PUT term_stop_words/_settings
{
    "index" : {
        "refresh_interval" : "-1"
    }
}

Java Class:
I'm using below class for indexing:

public class Document {
   // getters & setters
   private long id;
   private String url;
   private String content;
   private String title;
}

BulkProcessor Setup:

BulkProcessor bulkProcessor = BulkProcessor.builder(
                client,
                new BulkProcessor.Listener() {
                    @Override
                    public void beforeBulk(long executionId,
                                           BulkRequest request) {  }

                    @Override
                    public void afterBulk(long executionId,
                                          BulkRequest request,
                                          BulkResponse response) {
                        if (response.hasFailures()) {
                            logger.error(response.buildFailureMessage());
                        }
                    }

                    @Override
                    public void afterBulk(long executionId,
                                          BulkRequest request,
                                          Throwable failure) {
                        logger.info("Flushed (bytes)" + request.estimatedSizeInBytes() + " for size "
                                + request.numberOfActions());
                    }
                })
                .setBulkActions(500)
                .setConcurrentRequests(4)
                .setBulkSize(new ByteSizeValue(5, ByteSizeUnit.MB))
                .setBackoffPolicy(BackoffPolicy.exponentialBackoff(TimeValue.timeValueMillis(100), 3))
                .build();

Feeding BulkProcessor:

for (Document document : DocArrayWithSize15k) {
   IndexRequest indexRequest = new IndexRequest("stop_words", "document");
   indexRequest.source(gson.toJson(document), XContentType.JSON);
   indexRequest.id(MD5Util.toMD5(document.getUrl()));
   bulkProcessor.add(indexRequest);
}

After running with this setup and indexing 100k document per index, bulkProcessor.add takes longer time, performance slows down dramatically.
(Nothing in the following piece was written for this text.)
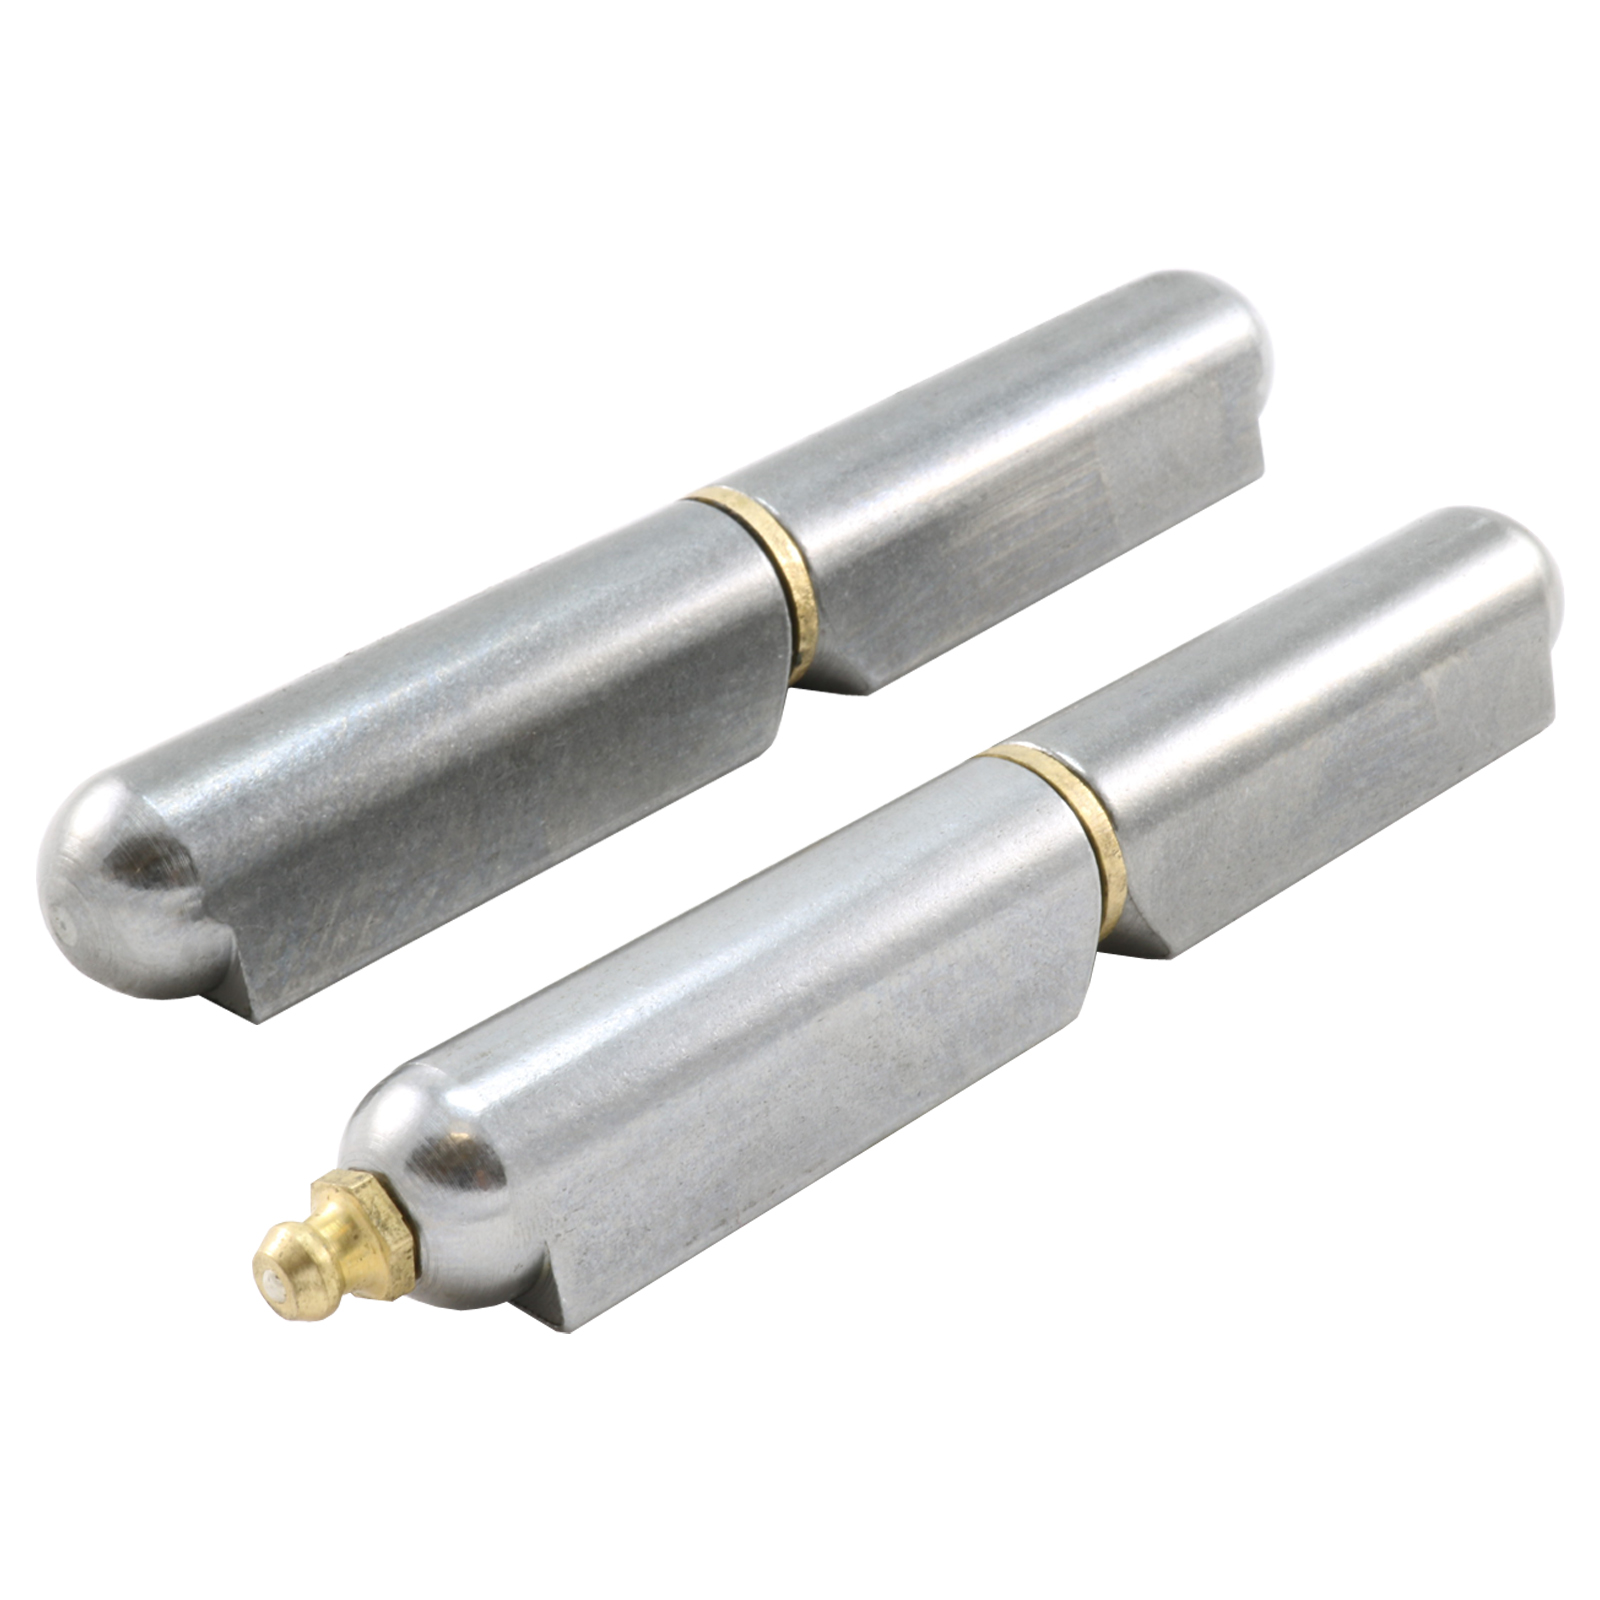 and Brass Without or with Grease Zerk in Multiple Sizes Aluminum Stainless Steel Steel, 10 Heavy Duty Weld-on Bullet Hinge in Weldable Steel

At first this loop takes 3 seconds but after some time it becomes 20 seconds and then 200 seconds when each index holds 500k documents.

I checked the logs and I couldn't see any exception but it contains a lot of lines with [2017-12-03T19:23:17,362][INFO ][o.e.m.j.JvmGcMonitorService] [quKHxho] [gc][2676] overhead, spent [267ms] collecting in the last [1s] log.

I think there is something really bad with my configuration otherwise bulking 15k documents in 200 seconds is impossible, isn't it?

PS: Average doc size is 10 kbytes.

10kb per document is somewhat "big".
Few things to try:

  • Start with .setConcurrentRequests(1).
  • Try to reduce .setBulkActions(100)
  • Remove that .setBulkSize(new ByteSizeValue(5, ByteSizeUnit.MB))
  • Increase a bit BackoffPolicy.exponentialBackoff(TimeValue.timeValueSeconds(1), 3)

But one of the problem I can think about is:

for data storage I'm using external HDD (Seagate Backup Plus Slim External Hard Drive 2TB 2.5 "USB 3.0 Black)

Could you try with the local SSD drive first?

David thanks a lot for the suggestions. I think you are right, the bottleneck is absolutely is using external spinning disk. So I tried the same code with using internal ssd disk I get 100 times faster results. So I better prepare index by creating small parts by using local disk and then move them to external disk makes sense.

This topic was automatically closed 28 days after the last reply. New replies are no longer allowed.